• _Task item_:
The answer is the data below, repeated exactly, with no pictures included.
═════ Supplied information
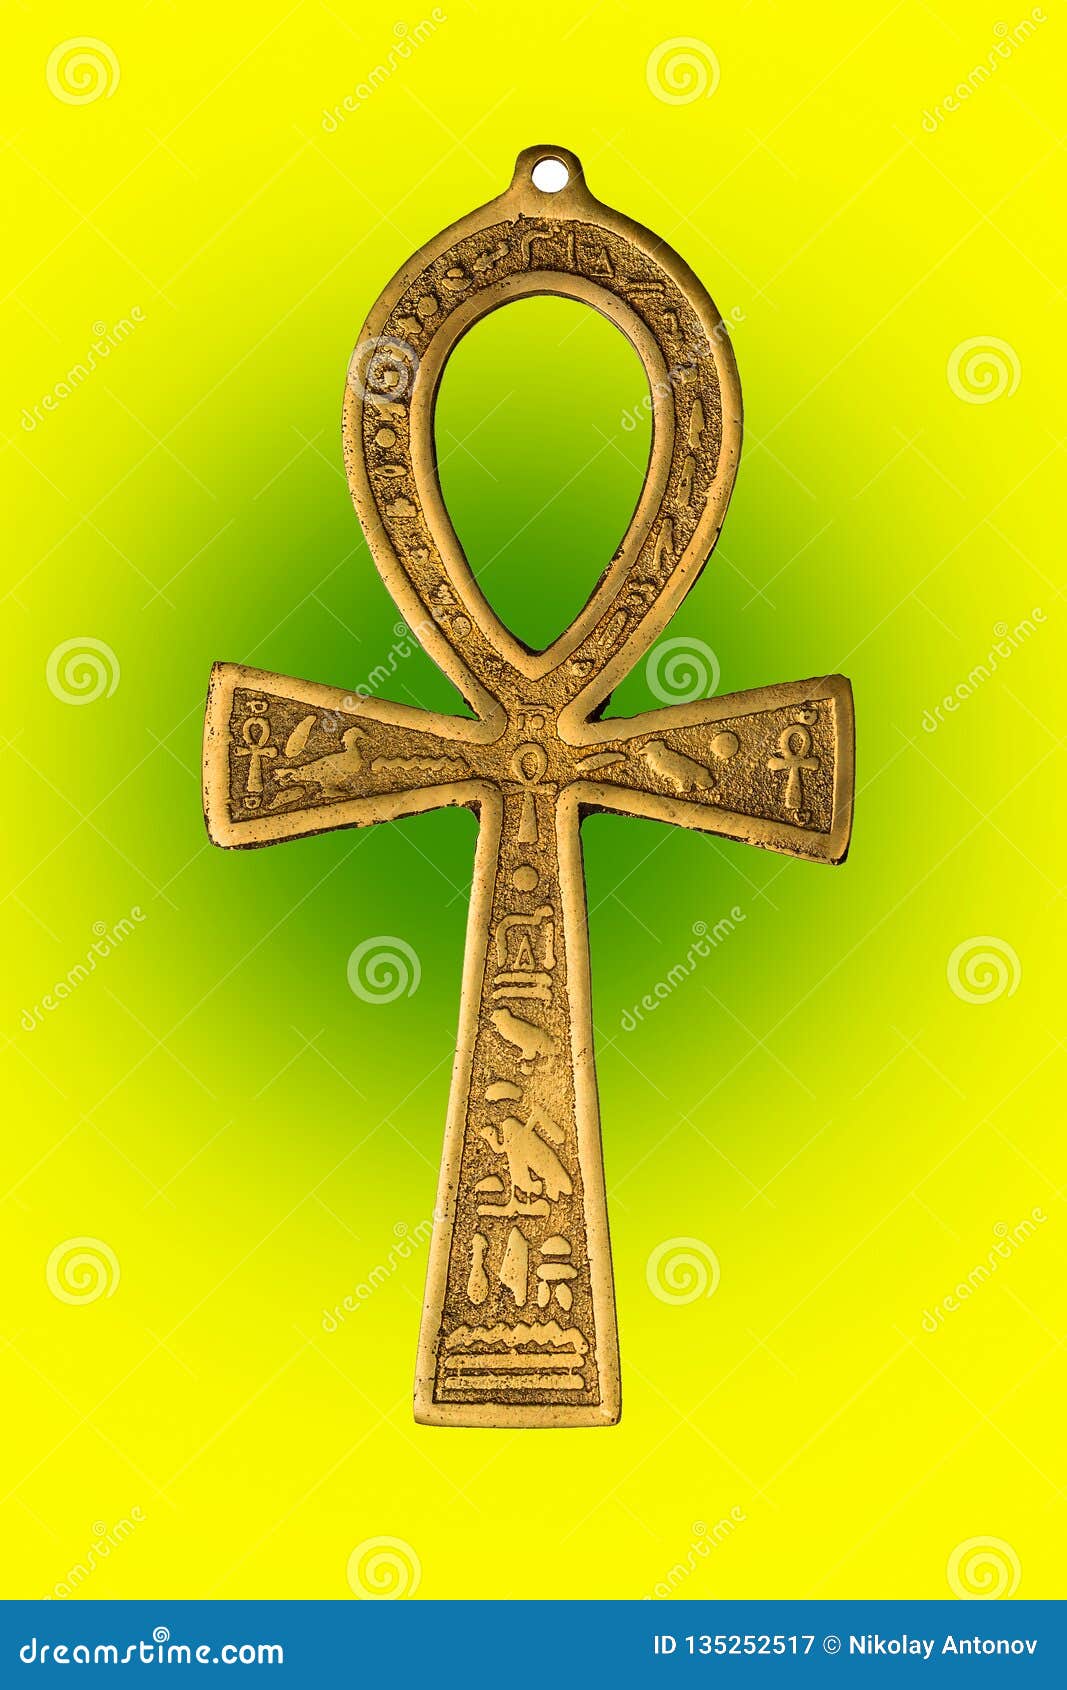 Egyptian Symbol Of Life Ankh On Yellow Green Background Close Up
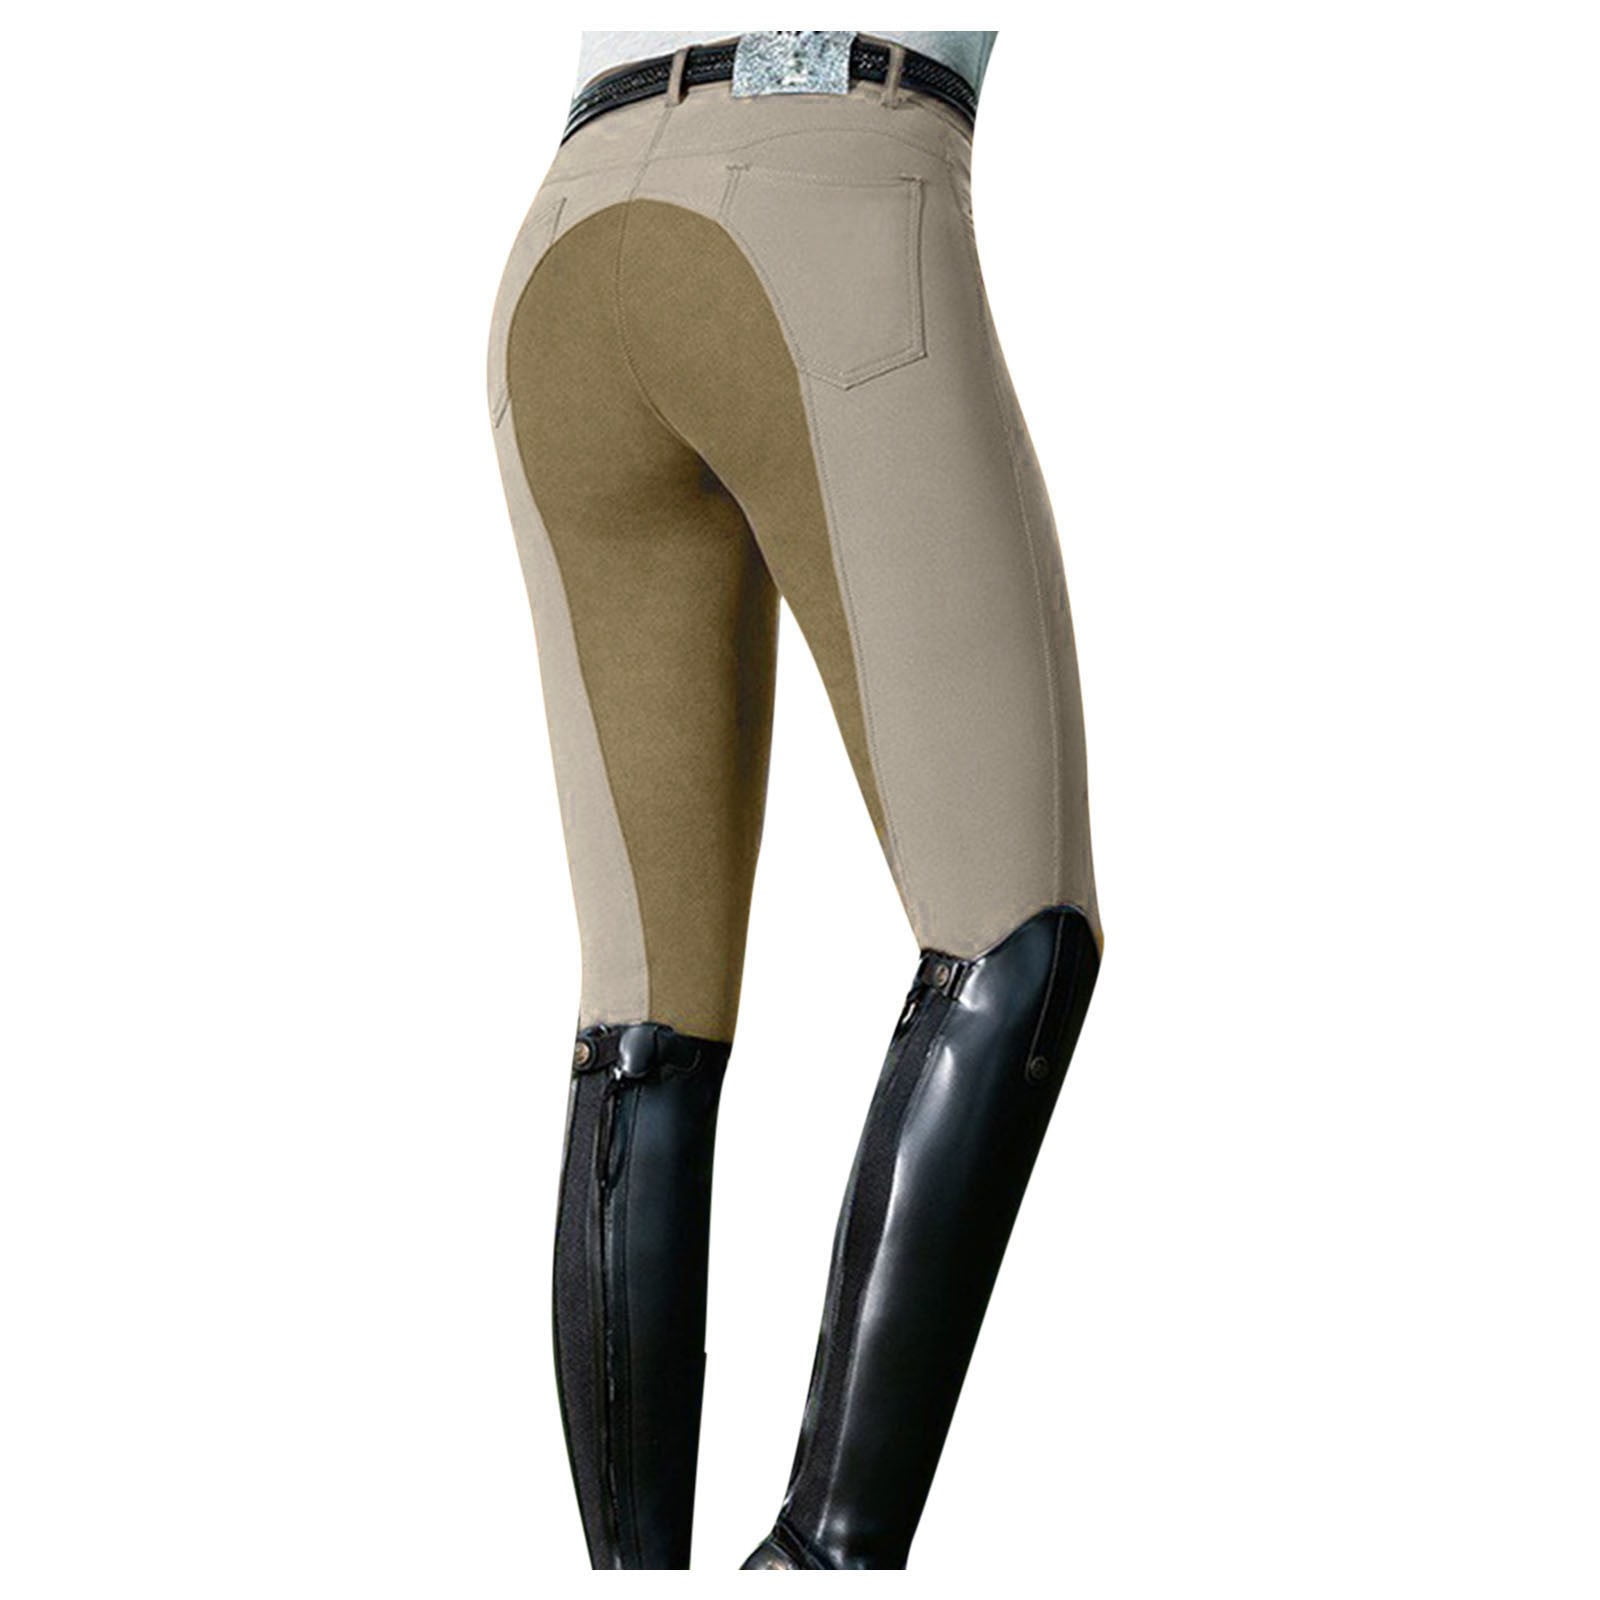 Little Unicorn Breeches by Little Rider with Gel Full Seat Navy/Candy Pink 3-10y 
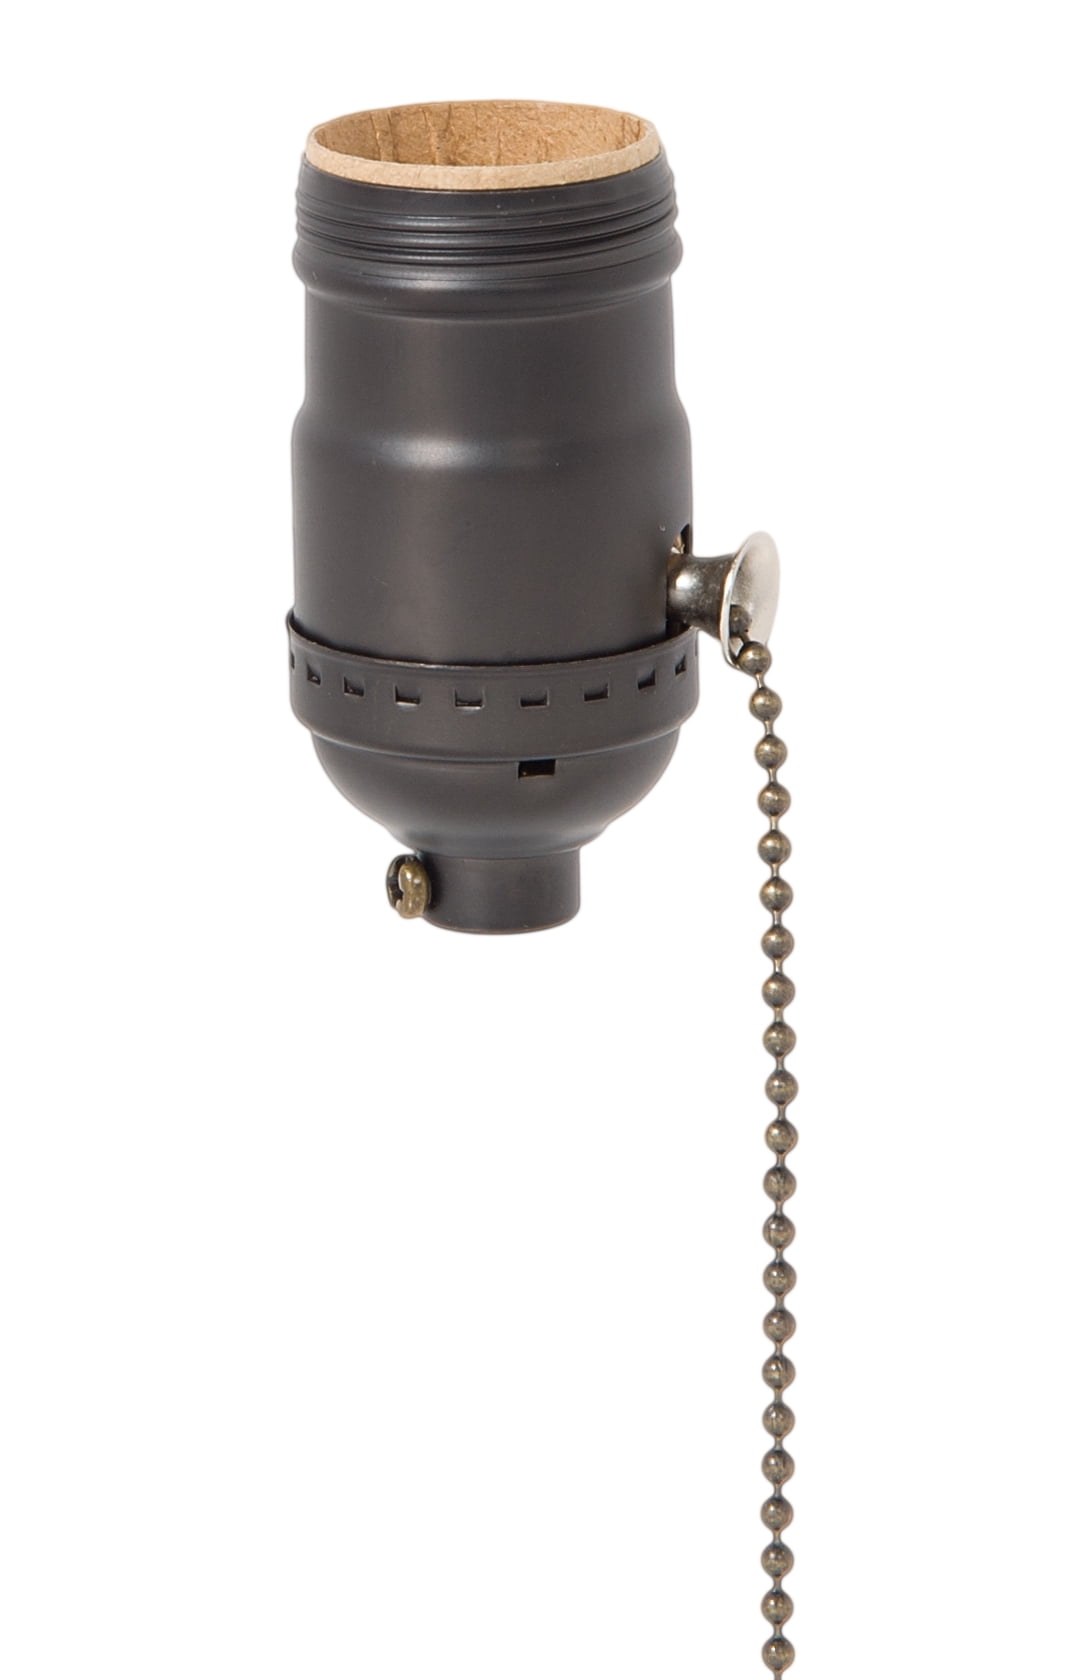 Polished & Lacquered Brass Pull Chain Early Electric Style Lamp Socket, Pull Chain, On/Off Function, Uno Thread
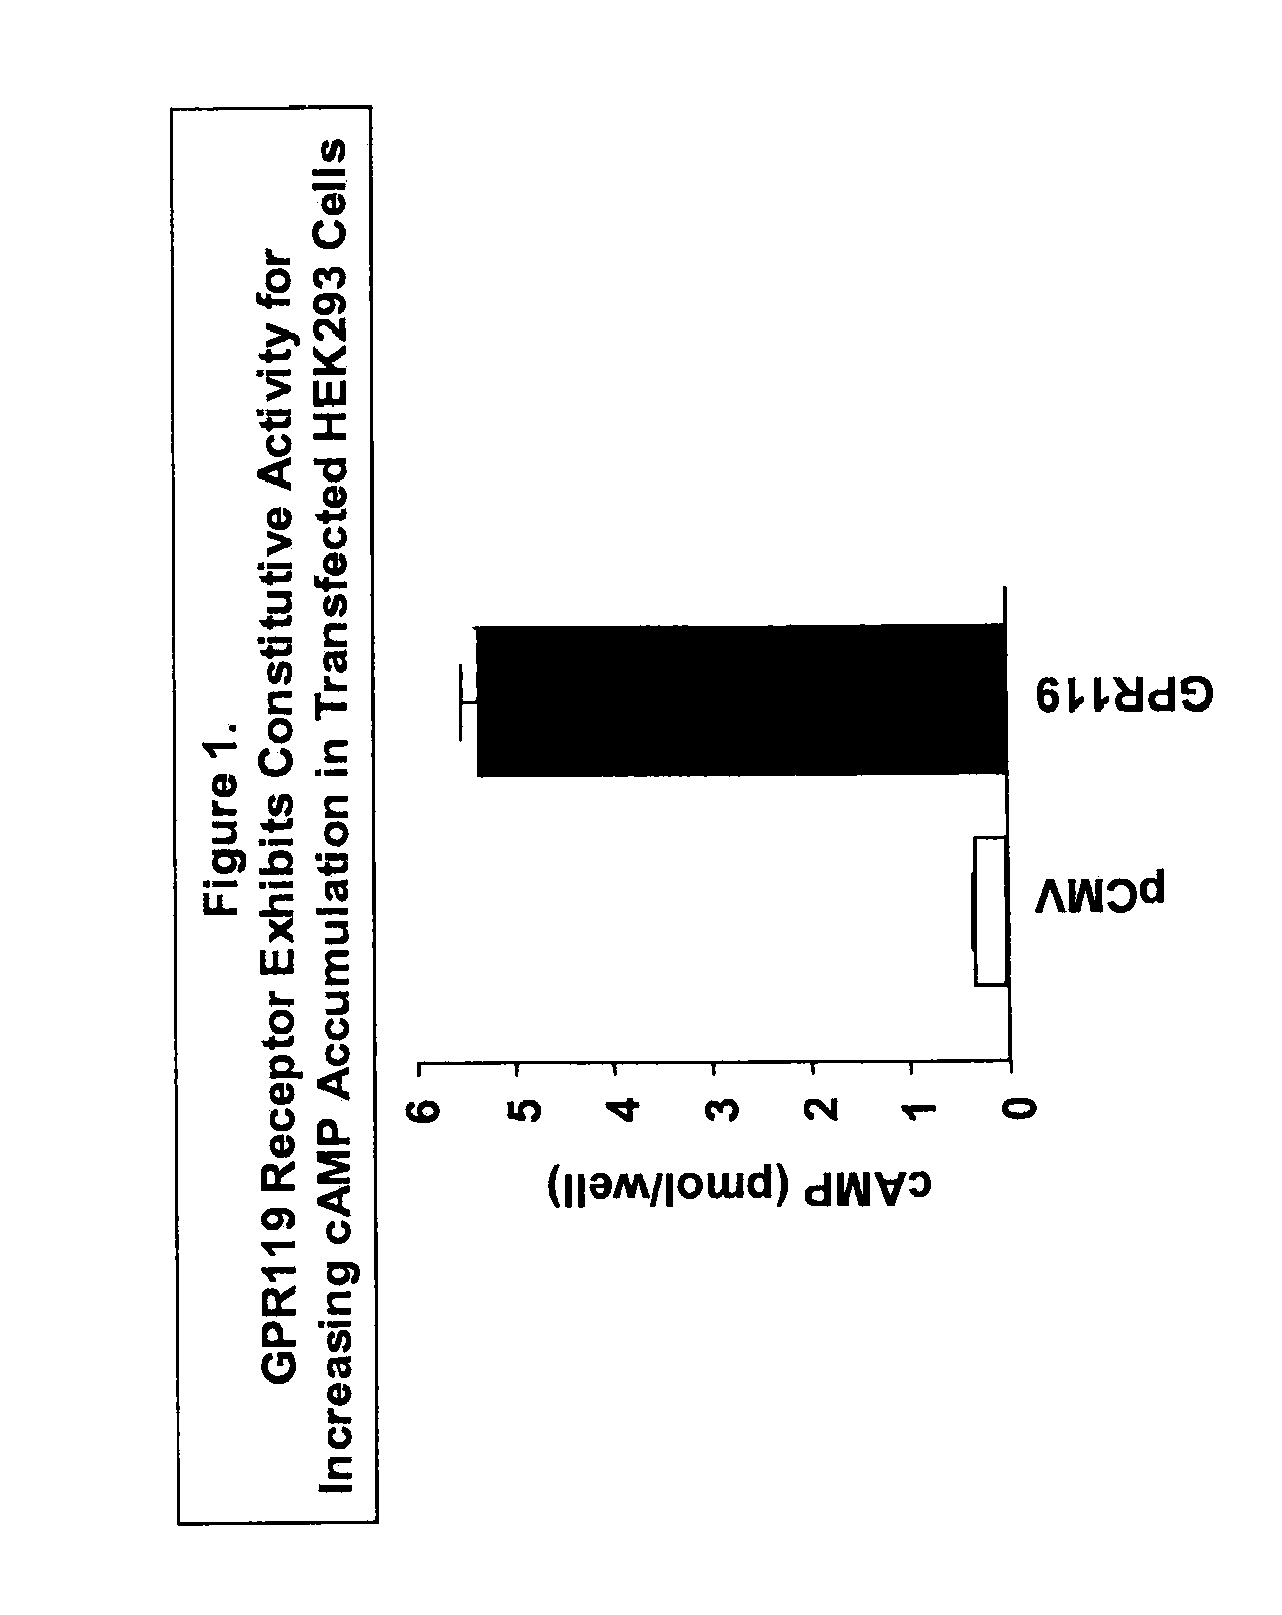 Methods of using a g protein-coupled receptor to identify peptide yy (PYY) secretagogues and compounds useful in the treatment of conditions modulated by pyy
══════════
• _Response_:
 Egyptian Symbol Of Life Ankh On Yellow Green Background Close Up
 Little Unicorn Breeches by Little Rider with Gel Full Seat Navy/Candy Pink 3-10y 
 Polished & Lacquered Brass Pull Chain Early Electric Style Lamp Socket, Pull Chain, On/Off Function, Uno Thread
 Methods of using a g protein-coupled receptor to identify peptide yy (PYY) secretagogues and compounds useful in the treatment of conditions modulated by pyy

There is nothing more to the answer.